Re: [DISCUSS] Drop table support

2015-08-04 Thread Neeraja Rentachintala
Ted, thats fair point on the recovery part.

Regarding the other point by Mehant (copied below) ,there is an implication
that user can drop only Drill managed tables (i.e created as Drill user)
when security is not enabled. I think this check is too restrictive (also
unintuitive). Drill doesn't have the concept of external/managed tables and
a user (impersonated user if security is enabled or Drillbit service user
if no security is enabled) should be able to drop the table if they have
permissions to do so. The above design proposes a check to verify if the
files that need to be deleted are readable by Drill and I believe is a good
validation to have.

/The above check is in the case when security is not enabled. Meaning we
are executing as the Drill user. If we are running as the Drill user (which
might be root or a super user) its likely that this user has permissions to
delete most files and checking for permissions might not suffice. So when
security isn't enabled the proposal is to delete only those files that are
owned (created) by the Drill user./


On Fri, Jul 31, 2015 at 12:09 AM, Ted Dunning ted.dunn...@gmail.com wrote:

 On Thu, Jul 30, 2015 at 4:56 PM, Neeraja Rentachintala 
 nrentachint...@maprtech.com wrote:

  Also will there any mechanism to recover once you accidentally drop?
 

 yes.  Snapshots https://www.mapr.com/resources/videos/mapr-snapshots.

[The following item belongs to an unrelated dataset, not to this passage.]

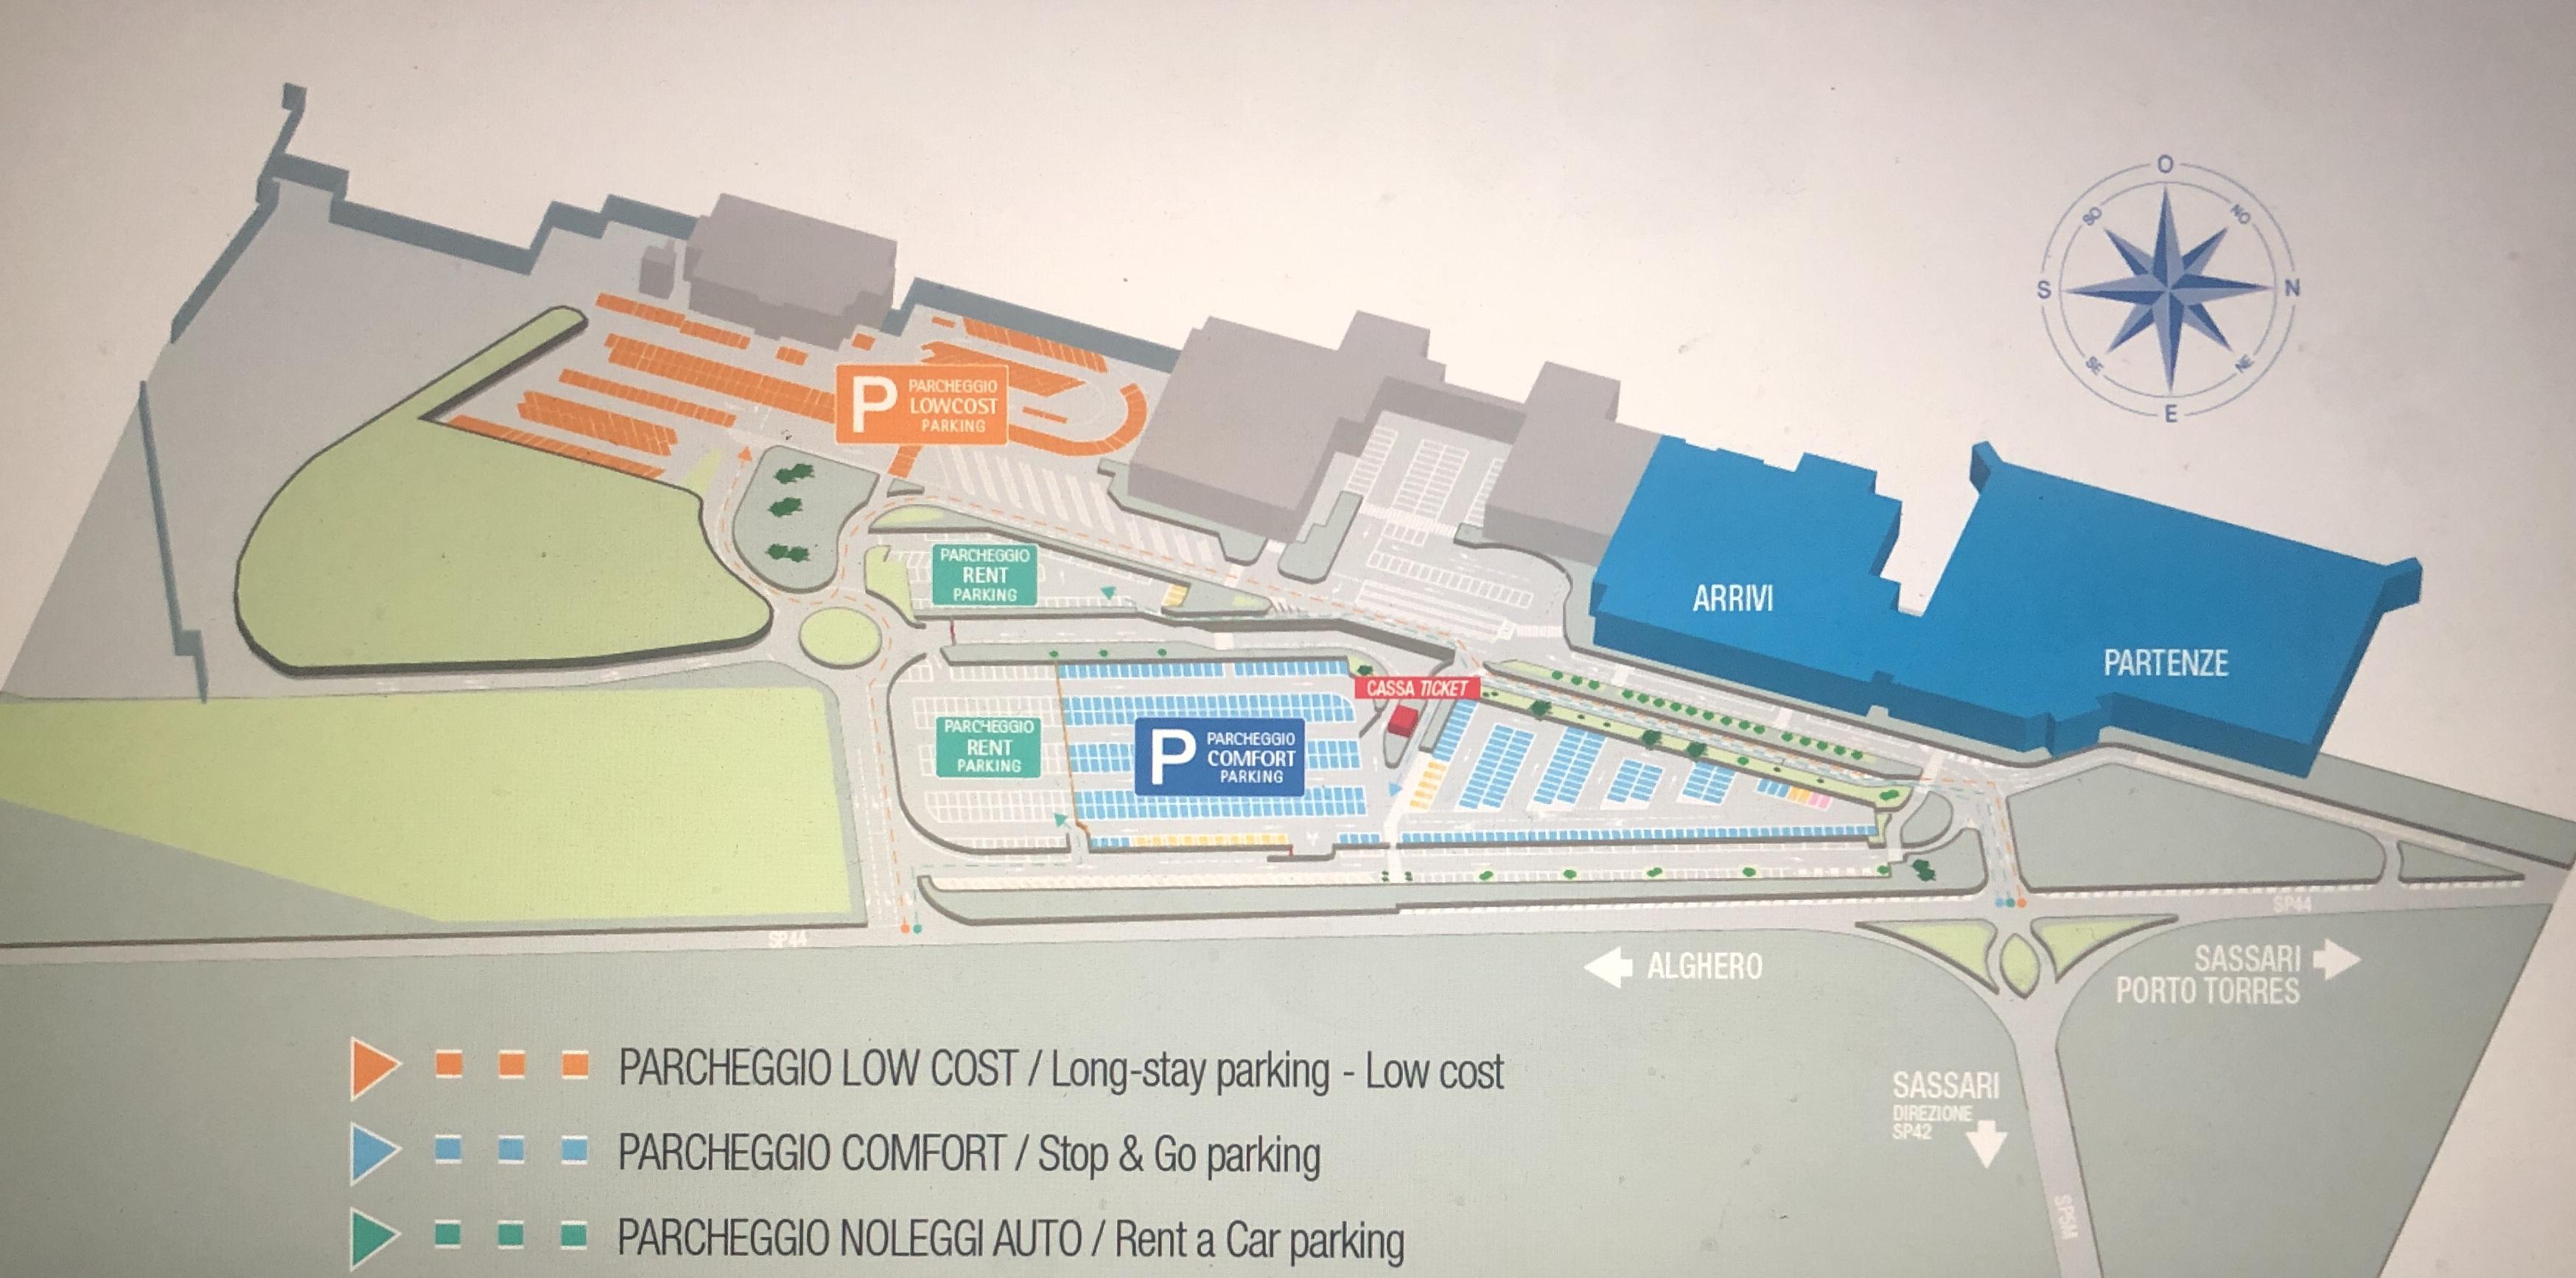 parcheggi aeroporto Alghero

 Seriously, recovery of data due to user error is a platform thing.  How can
 we recover from turning off the cluster?  From removing a disk on an Oracle
 node?

 I don't think that this is Drill's business.

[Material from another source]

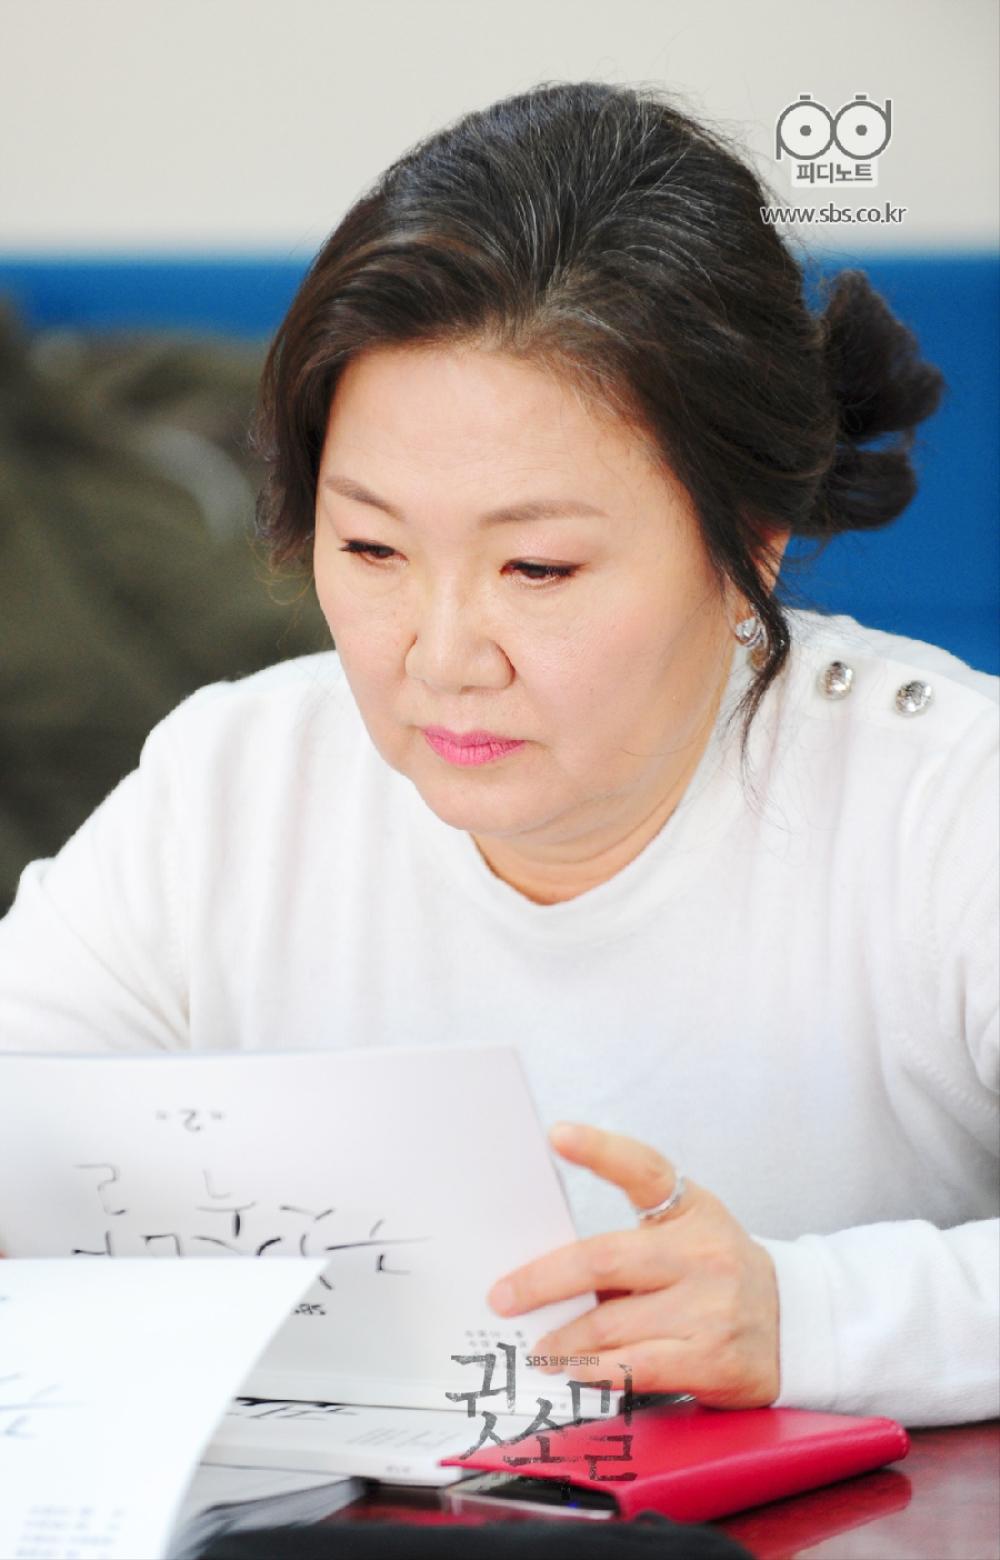 김해숙 귓속말 대본리딩 현장에서 대본 읽고 있는 사진

Re: [DISCUSS] Drop table support

2015-07-30 Thread Neeraja Rentachintala
Few questions/comments inline.

On Thu, Jul 30, 2015 at 2:53 PM, mehant baid baid.meh...@gmail.com wrote:

  Based on the discussion in the hangout I wanted to start a thread around
 Drop table support.

 Couple of high level points about what is planned to be supported

 1. In the first iteration Drop table will only support dropping tables in
 the file system and not dropping tables in Hive/ Hbase or other storage
 plugins.
 2. Since Drop table is potentially risky we want to be pessimistic about
 dropping tables.

 There are two broad scenarios while dealing with Drop table - Security
 enabled and Security Disabled. In both cases we would like to follow the
 below workflow

 1. Check if the table being dropped can be consumed by Drill.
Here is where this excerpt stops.